Молитву твердила. Все светлее становилось, все теплее. А хромала она все сильнее.

Может, ногу надо было как-то по-особому лечить, может, все дело было в зашибленном позвоночнике, может, в покалеченном, проколотом нерве, она не знала, и теперь ее это мало волновало: она ничего не стремилась узнать или поправить, что связано было с нею самой. Люди видели ее, улыбались ей и кланялись ей. Люди благословляли ее, она прижималась губами к благословляющей руке, и этого было довольно. Что случилось с временем? Оно будто перестало течь.
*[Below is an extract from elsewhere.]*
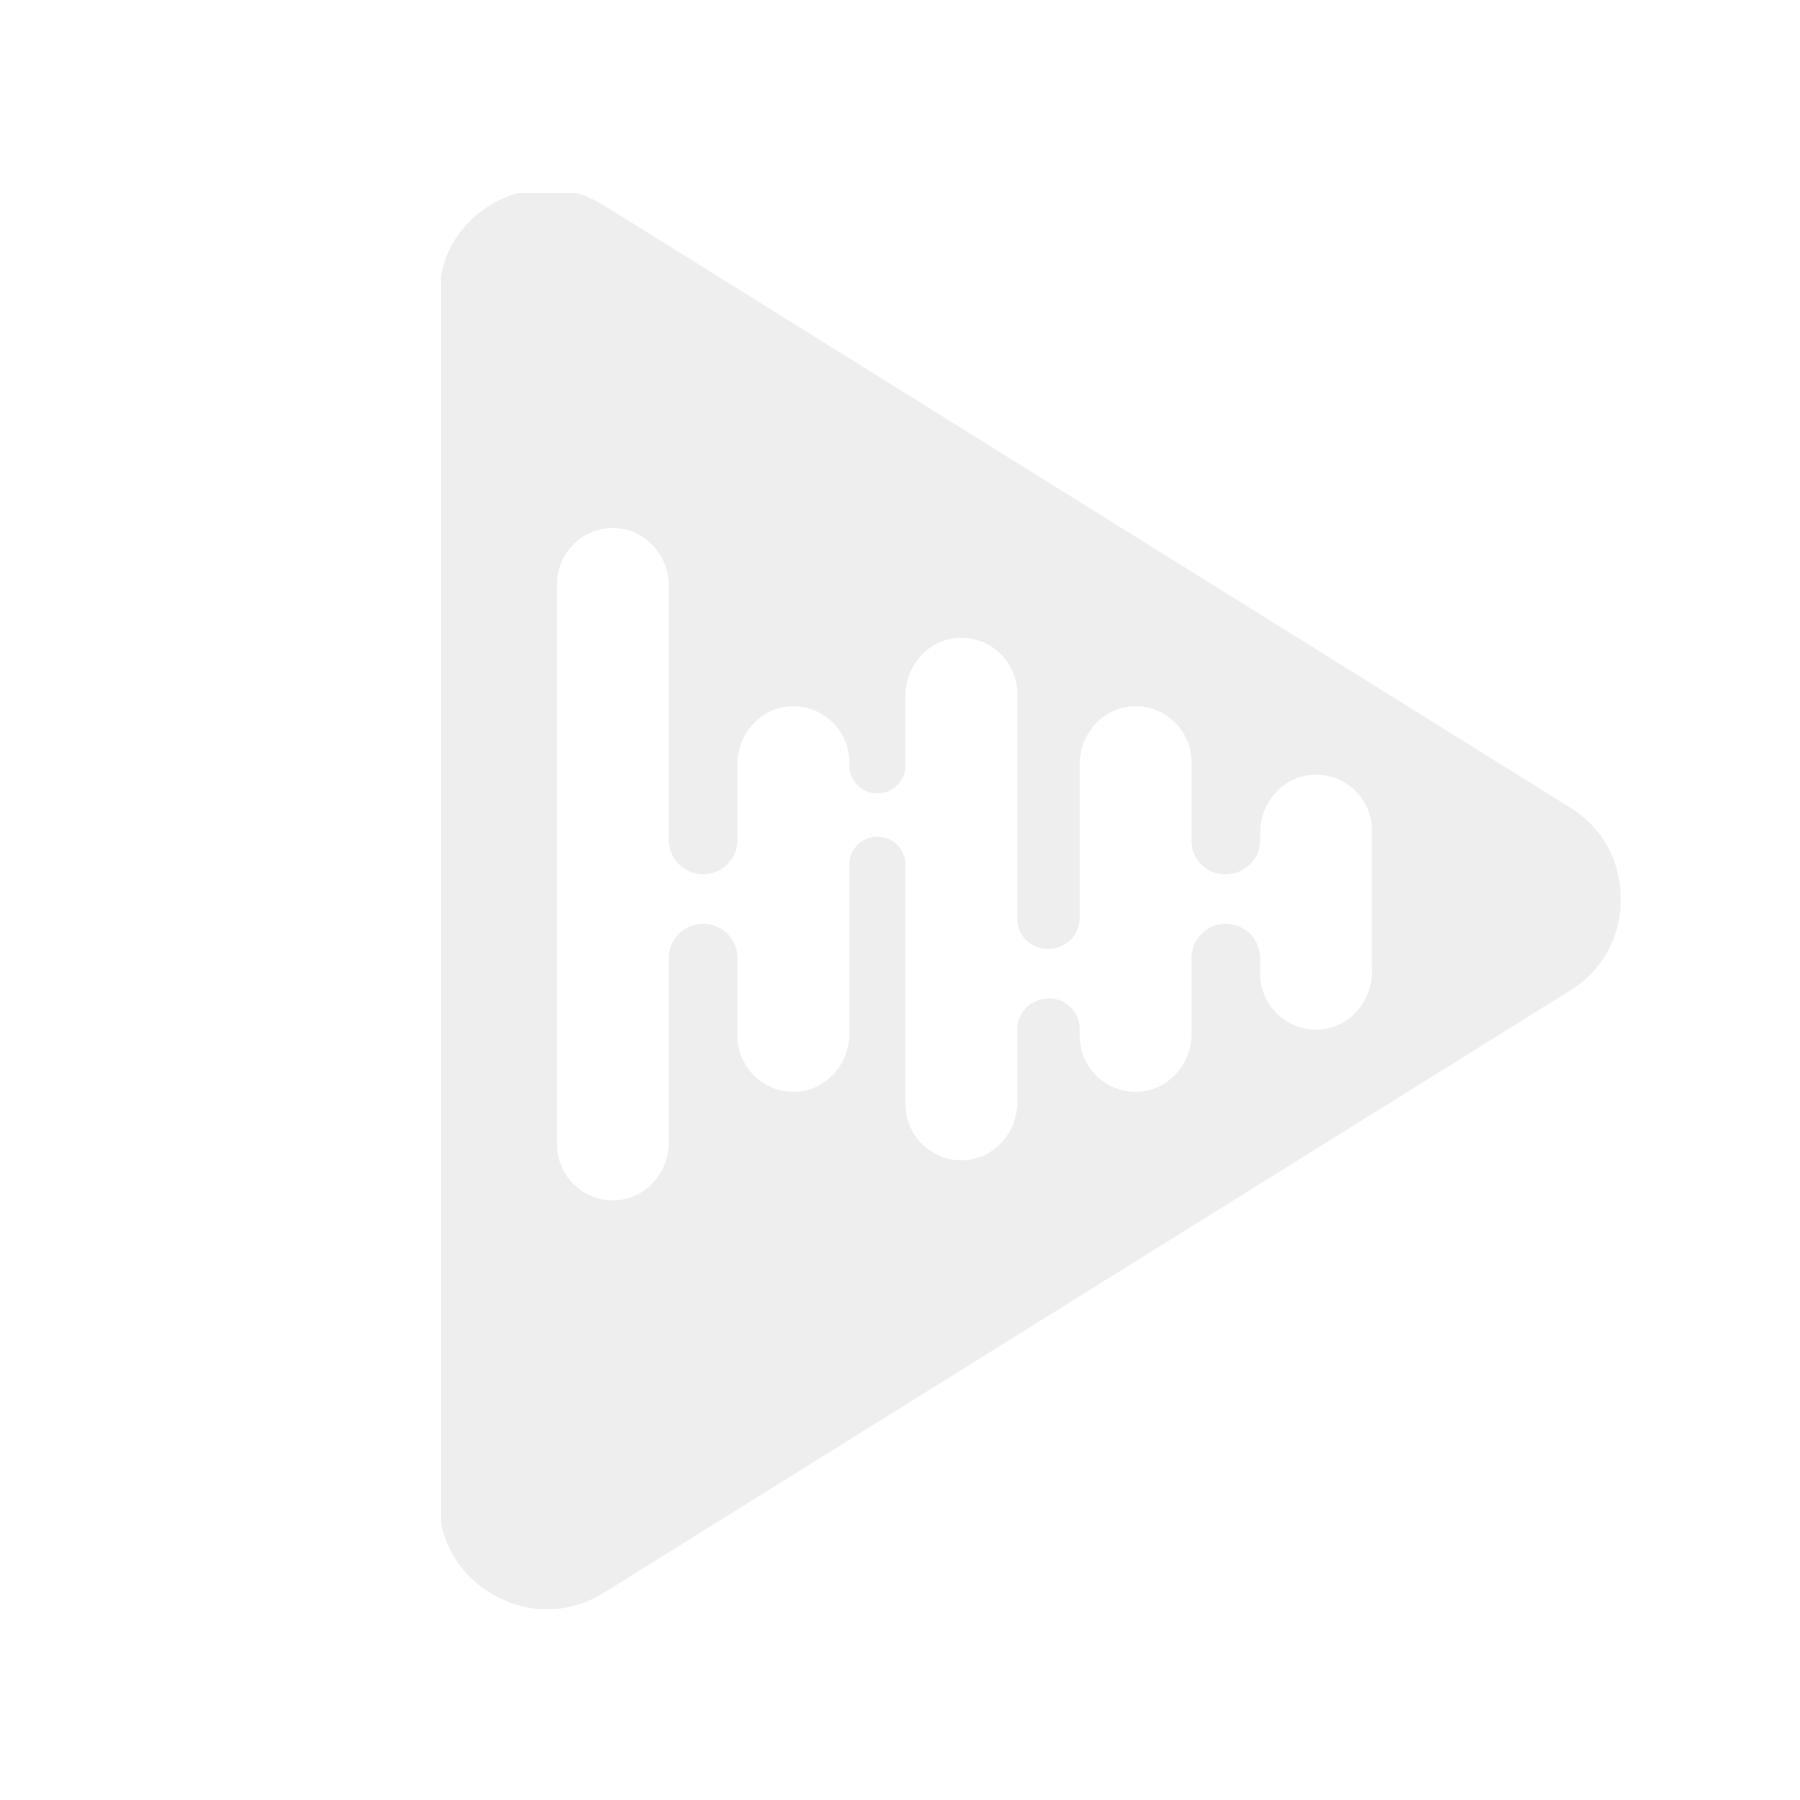 Audison APBMW-F52-HIFI

Сестра Васса рассказывала ей взахлеб о том, как Патриарх Иерусалимский, заходя в святую Кувуклию во храме Гроба Господня, видит, как возжигаются на медном широком столе крохотные ярко-синие шарики, как собирается этот рассыпанный свет, синее небесное зерно в огненные комки, и как дрожащей рукой Патриарх подносит к Благодатному Огню первую свечу; Вера слушала, верила и не верила, а потом, глядя в восторженное, как на исповеди, лицо монашки, спрашивала: «А откуда ты, ты-то все это знаешь?» Васса пожимала плечами. Ее веселые веснушки светились золотым зерном. «Это знают все! И уже очень давно!»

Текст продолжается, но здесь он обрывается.